Advancements in electric-vehicle technologies have made them increasingly viable for consumers, fleets and car-sharing services, but they’re still not mainstream alternatives to conventional gasoline-powered cars.
One key missing link is more infrastructure and support services, but investors are wary to plunk down the cash for these pieces until there are more EVs on the roads. It’s a classic chicken-or-egg problem. Which should come first: EVs or infrastructure, like charging stations?
This question took center stage last week at GreenBiz’s VERGE DC event. The thesis behind VERGE — the convergence of energy, information, technology and transportation — fits the long-term vision for EV expansion, yet so far EVs haven’t integrated well with other networks, said the panel’s moderator, Beth Lowery, a principal with GreenOrder and a former General Motors executive.
To help explore how, where, and when the EV ecosystem is evolving, Lowery spoke with:
- Arun Banskota, president of EV services at NRG Energy;
- John Wirtz, business unit manager in electrical transportation infrastructure at Eaton; and
- Ron Mahabir, the CEO of Greenlots.
NRG is betting big by building the only privately funded EV recharging network in the country, including the largest network of “fast” chargers, which use high-voltage DC current to slash recharge times drastically.
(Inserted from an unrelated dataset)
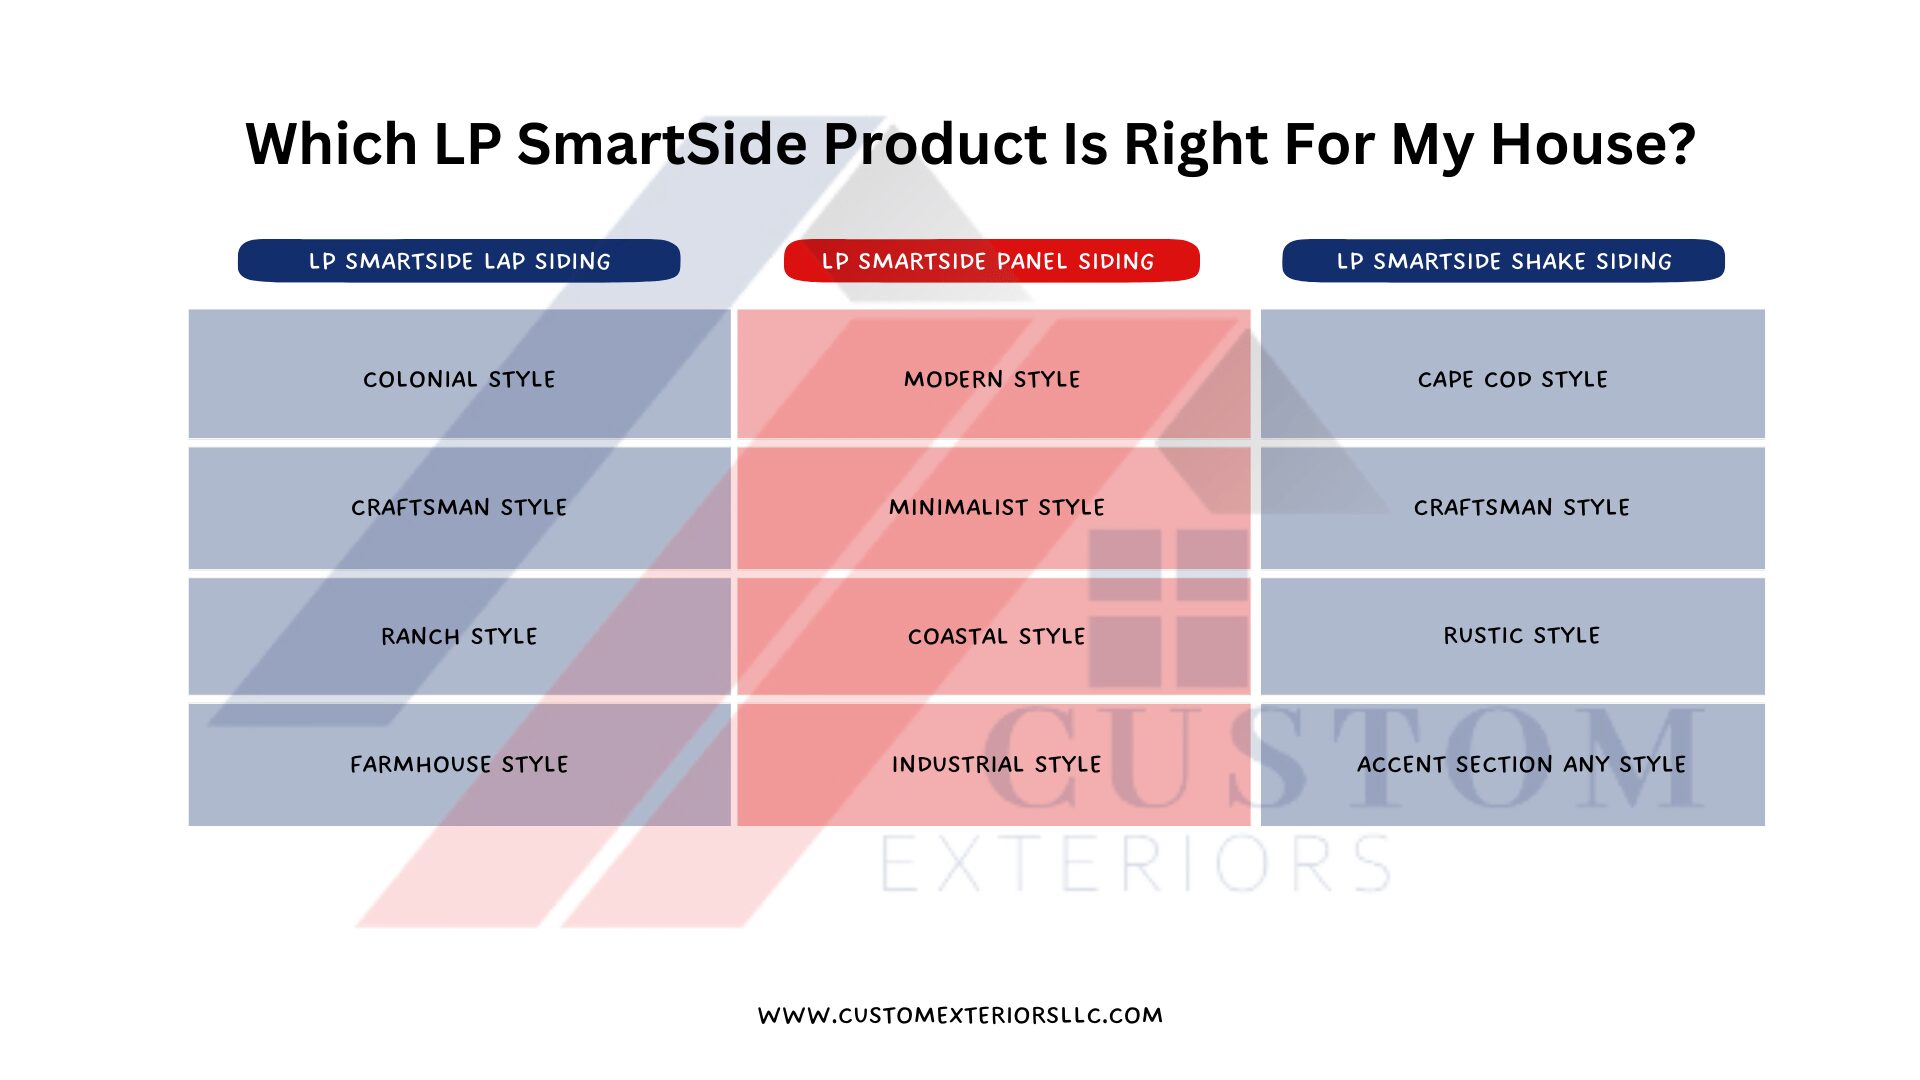 Infographic created by Custom Exteriors to help explain which style of home works with which style of lp smartside siding

In Dallas, Houston and elsewhere in Texas, NRG is partnering with Walgreens and other retailers to install recharging hubs.
And in California, the company announced Friday that will spend approximately $100 million to build, own and operate a comprehensive EV charging network, including at least 200 publicly available fast-charging stations. (The deal is part of a settlement with the state’s public utilities commission over a dispute during California’s energy crisis more than a decade ago.)
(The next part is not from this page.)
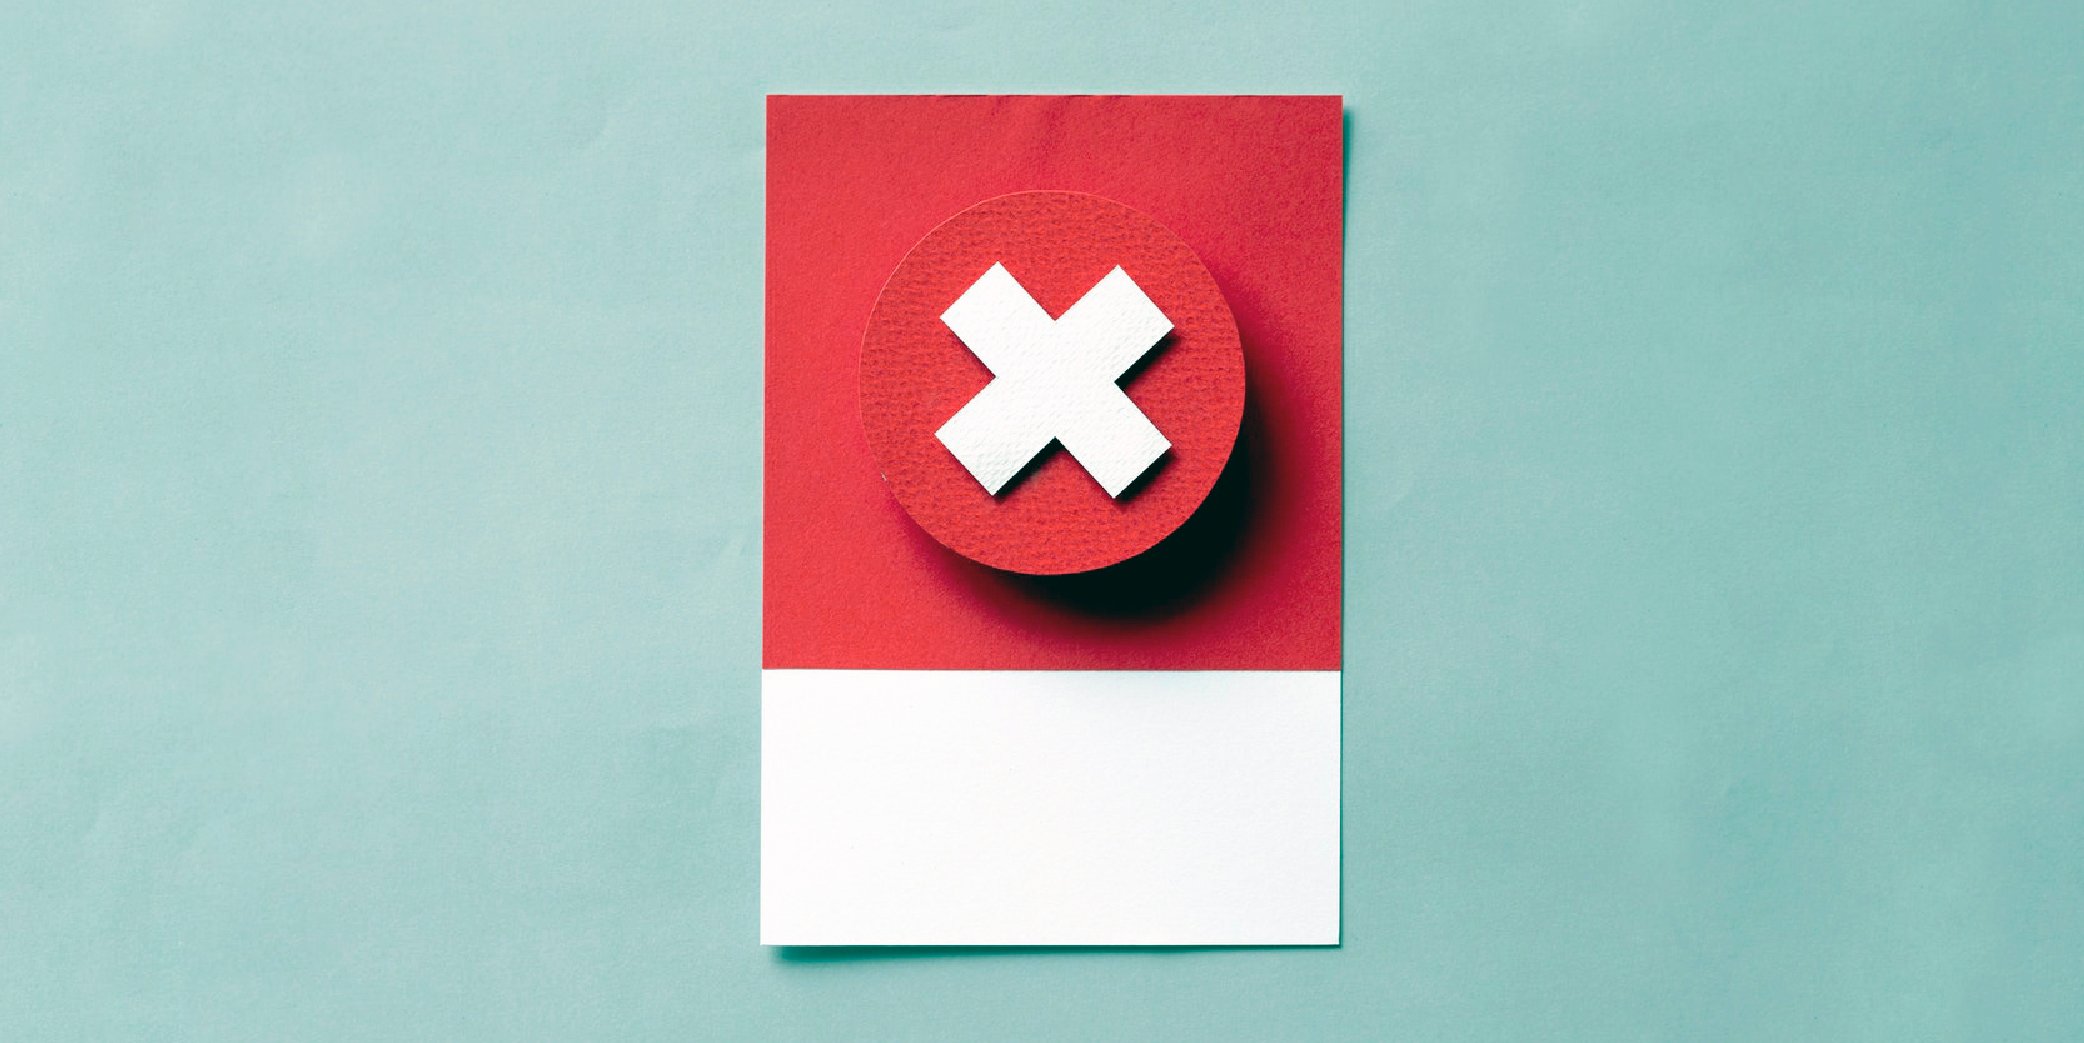 A white 'x' on top of a red circle

Instead of range anxiety, “EV drivers should have full range confidence,” Banskota said.
Meanwhile, Eaton has seen growing convergence in the commercial vehicle space, where it has been developing hybrid and EV technologies, Wirtz said. The trend has yielded hybrid systems not yet seen in passenger vehicles, such as diesel electric hybrids and hydraulic-hybrids, which recover braking energy as mechanical energy.
“We’re trying to imagine what the world will look like when 75 percent of vehicles are EVs,” he said.
For Greenlots, convergence means using the data cloud to better integrate EVs, homes and renewable-energy sources into the grid. “In Germany, we’re taking wind power and matching that with EV battery storage,” Mahabir said. “In the U.S., utilities don’t yet know when EV drivers are going recharge.” That lack of transparency can unnecessarily tax the grid.
Another challenge includes a lack of public understanding about EVs, even five years after their rebirth. When NRG surveys consumers if they’d buy EVs, Banskota recounted, typically around a third are inclined. “But after we show them how it works, where they can recharge, and the cost benefits, that share doubles,” he said. “Education is critical.”
Despite the press coverage they’ve attracted, EVs are so rare — just 17,000 GM Volts and Nissan Leafs have been sold so far — that few drivers have had hands-on experience. Getting the public to have more direct experience with EVs can be a game changer, Wirtz said. “First-time EV drivers always find the experience exhilarating,” he said, because the driving experience is so quiet, powerful and smooth.
In terms of policy, Mahabir believes that support should be focused on the battery problem. “Korea, Japan, and China are investing billions in batteries, and we need to do the same” he said.
Eaton’s Wirtz concurred: If the industry can get batteries right, charging networks will follow. That means lowering battery prices, boosting their capacity, and shrinking their charging times. For EV adoption, we’ll see a “top up” strategy where, everywhere you go, drivers will want plug in — that’s different from gas driving, where folks are comfortable letting their tank get near to empty, Wirtz said.
“People talk about this being a chicken and egg problem,” he added. “We firmly believe if you get the battery price down, the infrastructure will come.”
Banskota replied that the lifetime cost of ownership of EVs is something consumers don’t yet understand properly. The Nissan Leaf, for example, is already the lowest-cost vehicle in terms of lifetime costs, including maintenance, fuel and sticker price. “EVs are already competitive,” he said.
One way to help lower EVs’ costs and drive adoption would be to standardize chargers, Wirtz said. “We’ve identified 11 protocols for vehicles to communicate to recharging points,” he said. That creates costly complexity and deters economies of scale.
Another barrier: EVs don’t necessarily fit well into legacy car retail channels, Mahabir pointed out. Dealers don’t love the financial impact of EVs on their profits, since battery-powered cars are relatively expensive, leaving a thinner margins. What’s more: EVs need less maintenance, which hurts shop income.
In terms of federal incentives, the focus ought to be on early-stage research and development, said NRG’s Banskota, in order to drive progress in the basic battery science.
Locally, giving EVs access to HOV lanes and preferential parking are low-cost ways for cities to stir interest in EVs. “It would provide a huge boost for EV owners,” Banskota said.